E aí que entra o que eu quero dizer: existe uma infinidade de entusiastas que construiram uma carreira em outras áreas e despertam para alguns encantamentos que a web trouxe (ok, existem muitos oportunistas também que acham que a web é um poço de dinheiro). É justo ter preconceito com esses currículos por causa da idade? Será que em breve não teremos uma inversão de valores com a subvalorização da experiência e a supervalorização da idade no nosso mercado? Será que a geração digital que nasceu imersa na web terá esse ponto de vantagem em relação aos profissionais que chegam depois? Será mesmo que em alguns anos tudo não vai parecer tão normal que esse papo de “Before Internet” e “After Internet” será irrelevante?

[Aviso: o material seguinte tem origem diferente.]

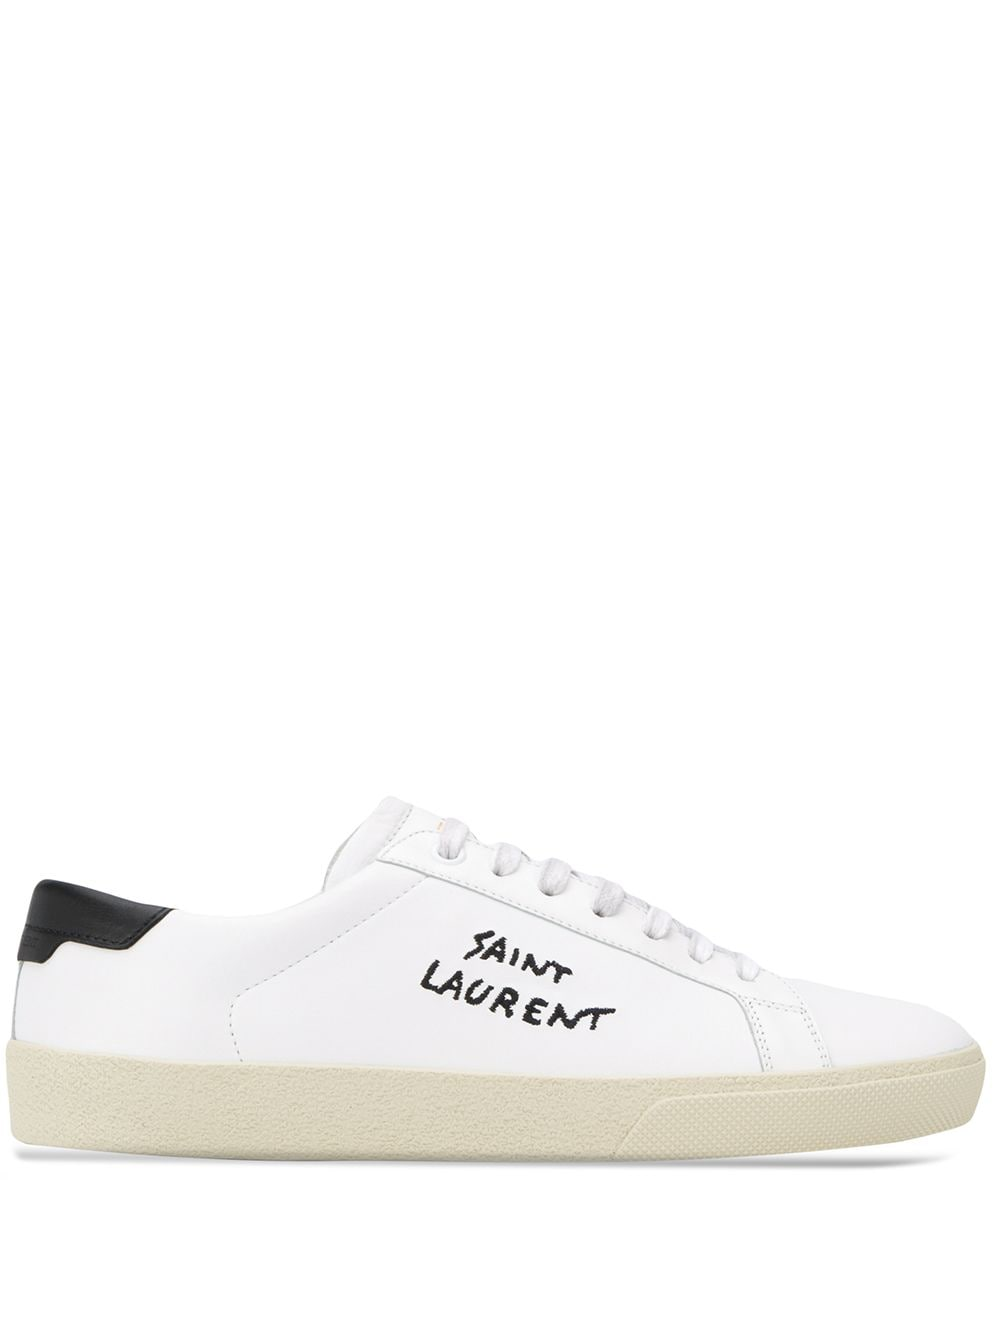 Picture of Saint Laurent | Court Classic Sl/06 Low-Top Sneakers

Não tenho a resposta para essas perguntas. Mas acho que ao ler um currículo, ao contrário do que faço hoje, assim como diplomas e títulos deixam (pra mim sempre foram) de ser relevantes devido à uma volatilidade imensa, idade será irrelevante quanto sotaque, cor, nacionalidade ou religião. Talvez deixemos de dar boas chances à grandes pessoas pelo seu ano de nascimento. Com o “envelhecimento” e matiuridade do mercado on-line, com a perda da percepção on-off, espero que todo esse questionamento desapareça em pouquíssimo tempo, e que todo tipo de documento seja queimado. Por mais que eu não tenha tido uma experiência positiva nas vezes que pensei assim, vale continuar tentando. Os anos passam para todos, bons ou maus profissionais.